Would you filter these records and copy every line that has the word "Suncast"?

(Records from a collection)
**********

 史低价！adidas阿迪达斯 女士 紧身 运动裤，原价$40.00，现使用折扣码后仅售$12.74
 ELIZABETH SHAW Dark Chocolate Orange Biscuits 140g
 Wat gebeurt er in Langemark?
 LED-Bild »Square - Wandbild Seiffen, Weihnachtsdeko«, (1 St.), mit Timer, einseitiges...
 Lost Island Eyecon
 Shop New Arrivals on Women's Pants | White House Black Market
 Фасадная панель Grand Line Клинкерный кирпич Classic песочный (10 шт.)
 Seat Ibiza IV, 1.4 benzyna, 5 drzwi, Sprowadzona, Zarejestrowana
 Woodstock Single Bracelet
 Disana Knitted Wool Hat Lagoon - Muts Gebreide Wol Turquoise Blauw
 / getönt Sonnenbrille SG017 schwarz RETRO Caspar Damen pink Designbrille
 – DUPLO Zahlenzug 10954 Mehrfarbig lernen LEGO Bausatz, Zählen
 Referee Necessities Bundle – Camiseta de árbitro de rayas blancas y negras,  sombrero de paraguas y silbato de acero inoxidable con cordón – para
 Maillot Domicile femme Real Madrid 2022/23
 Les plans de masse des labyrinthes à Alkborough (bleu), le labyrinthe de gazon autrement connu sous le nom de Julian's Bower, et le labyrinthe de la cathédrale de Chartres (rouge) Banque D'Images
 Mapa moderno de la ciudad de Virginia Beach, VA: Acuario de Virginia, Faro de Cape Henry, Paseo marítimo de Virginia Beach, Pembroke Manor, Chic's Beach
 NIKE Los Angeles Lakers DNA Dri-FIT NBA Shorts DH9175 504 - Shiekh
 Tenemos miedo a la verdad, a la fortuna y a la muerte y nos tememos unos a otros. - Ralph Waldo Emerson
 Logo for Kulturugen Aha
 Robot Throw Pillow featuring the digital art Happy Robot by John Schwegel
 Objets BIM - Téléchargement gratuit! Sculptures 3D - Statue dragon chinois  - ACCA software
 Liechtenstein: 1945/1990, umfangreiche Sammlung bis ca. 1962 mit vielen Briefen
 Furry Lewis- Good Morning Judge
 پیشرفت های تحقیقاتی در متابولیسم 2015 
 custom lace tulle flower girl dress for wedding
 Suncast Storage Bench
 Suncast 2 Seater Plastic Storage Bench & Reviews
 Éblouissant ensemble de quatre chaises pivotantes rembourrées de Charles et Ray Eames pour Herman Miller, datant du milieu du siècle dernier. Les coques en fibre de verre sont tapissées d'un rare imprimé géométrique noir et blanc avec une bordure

**********

OUTPUT OF THE EXERCISE -
 Suncast Storage Bench
 Suncast 2 Seater Plastic Storage Bench & Reviews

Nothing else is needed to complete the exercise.